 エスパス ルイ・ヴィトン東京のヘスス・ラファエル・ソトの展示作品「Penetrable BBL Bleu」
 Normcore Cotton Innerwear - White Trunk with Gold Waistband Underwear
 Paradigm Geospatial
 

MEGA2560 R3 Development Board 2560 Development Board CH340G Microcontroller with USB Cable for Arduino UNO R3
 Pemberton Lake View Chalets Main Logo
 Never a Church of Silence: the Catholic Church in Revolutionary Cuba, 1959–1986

★ ★ ★ ★ ★ ★ ★

WHAT THE TASK ASKS: What lines of the data contain the string "with"? List them.

TASK OUTPUT:
 Normcore Cotton Innerwear - White Trunk with Gold Waistband Underwear
MEGA2560 R3 Development Board 2560 Development Board CH340G Microcontroller with USB Cable for Arduino UNO R3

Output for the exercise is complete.